Erschwerend komme laut Stadtverwaltung hinzu: »Der Markwasensee wird derzeit von einer Biberfamilie bewohnt. Der Biber ist gemäß Bundesnaturschutzgesetz streng geschützt. Dieser darf nicht gefährdet werden.« Mit anderen Worten: Einfach die Koi-Karpfen und Sonnenbarsche herausfischen, geht in Reutlingen nicht so einfach. Doch das Amt für Grünflächen und Umwelt arbeitet derzeit an einer Lösung und »... prüft aktuell die Möglichkeiten zur Entnahme von nicht heimischen Fischen aus dem Markwasensee, mittels Elektrobefischung.« Elektrofischen gilt laut dem Fachmagazin »Blinker« als besonders schonende Methode. Die Fische, die so eingefangen werden, tragen demnach keinerlei Schäden davon.

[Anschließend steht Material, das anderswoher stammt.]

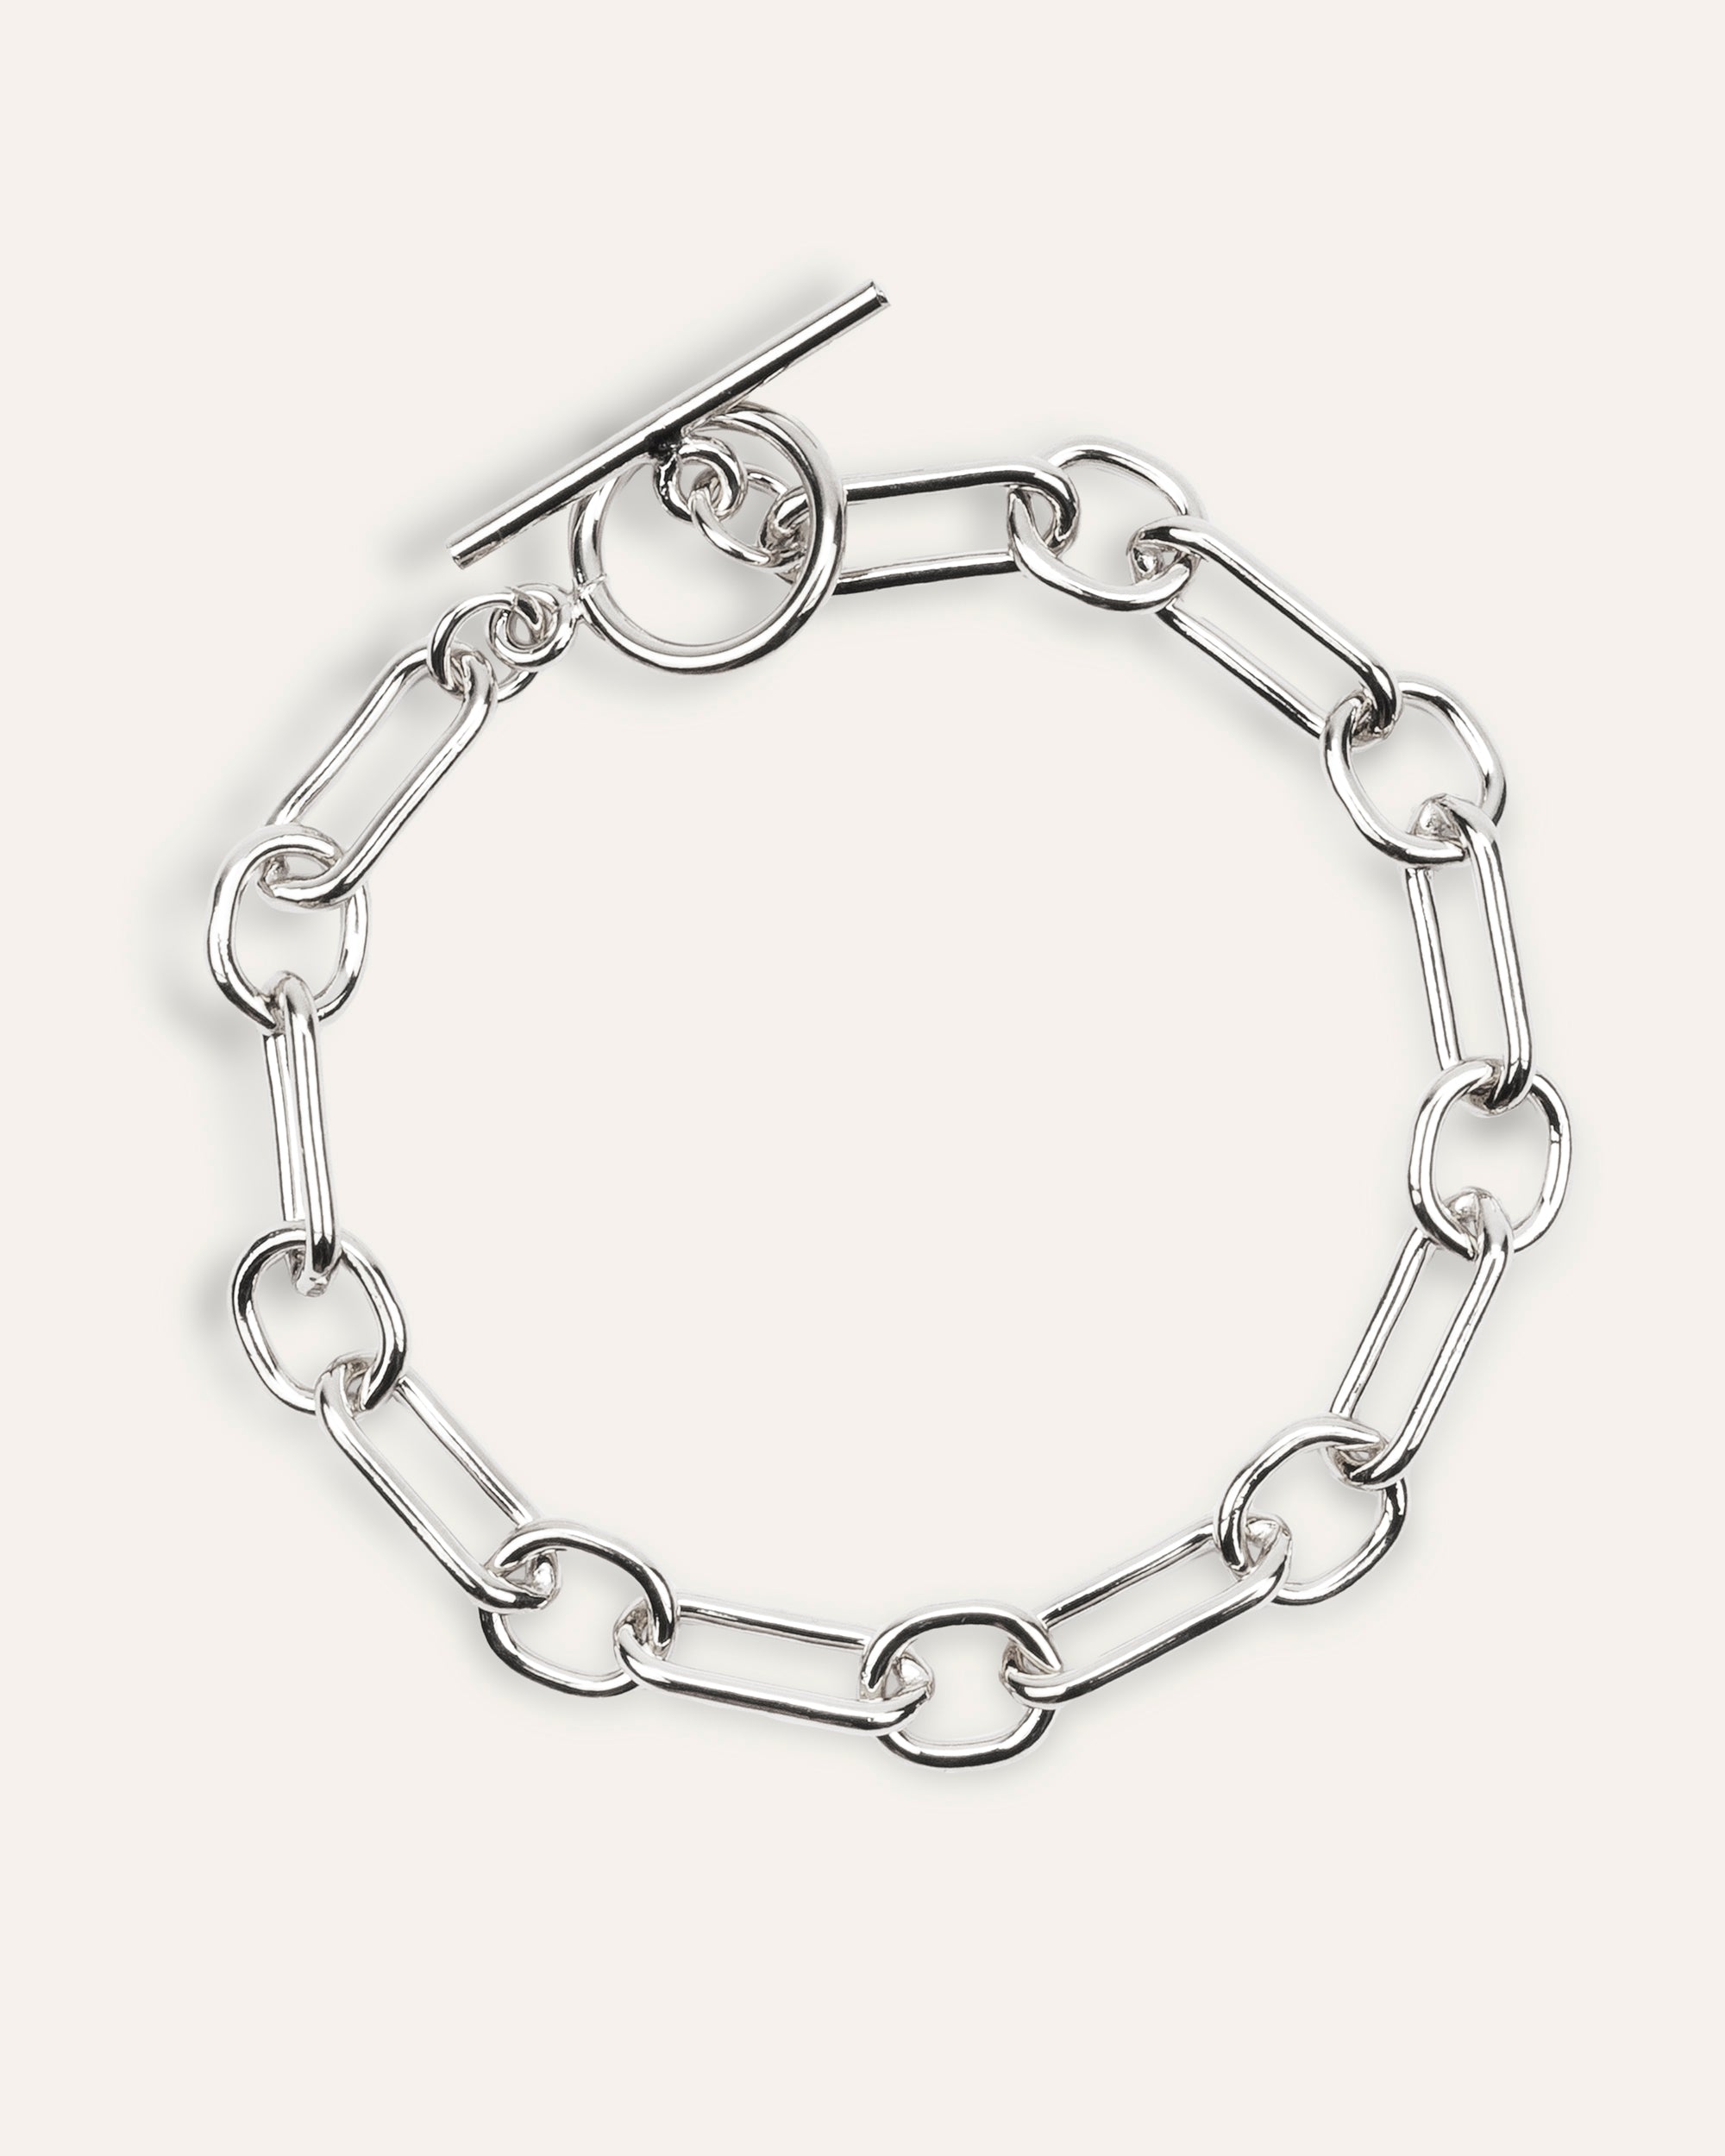 Rosa silver bracelet

Die Behörden sind übrigens nicht nur in Reutlingen vom Aussetzen von Koi-Karpfen und anderer invasiver Arten ziemlich verärgert. In Österreich ist das Halten von Koi-Karpfen mittlerweile strengstens und per Gesetz reguliert. Aus dem Rathaus heißt es mit Blick auf die Fische im Markwasensee: »Dieses Beispiel zeigt deutlich, welchen Schaden, sowohl ökologisch als auch ökonomisch, das kurzsichtige Aussetzen von Zierfischen bewirken kann.« (GEA)

Wie geht Elektrofischen?

Beim Elektrofischen wird im Wasser ein elektrisches Feld erzeugt, das alle Fische, die sich darin befinden, so stark betäubt, dass sie sich zwar nicht mehr bewegen können, aber von einem Magneten zu einem bestimmten Punkt angezogen werden. Dort lassen sie sich dann ganz leicht, beispielsweise mit dem Kescher, einsammeln. Sobald der Strom abgeschaltet wird, dauert es nur wenige Sekunden, bis sich die Fische erholt haben und wieder ganz normal schwimmen können.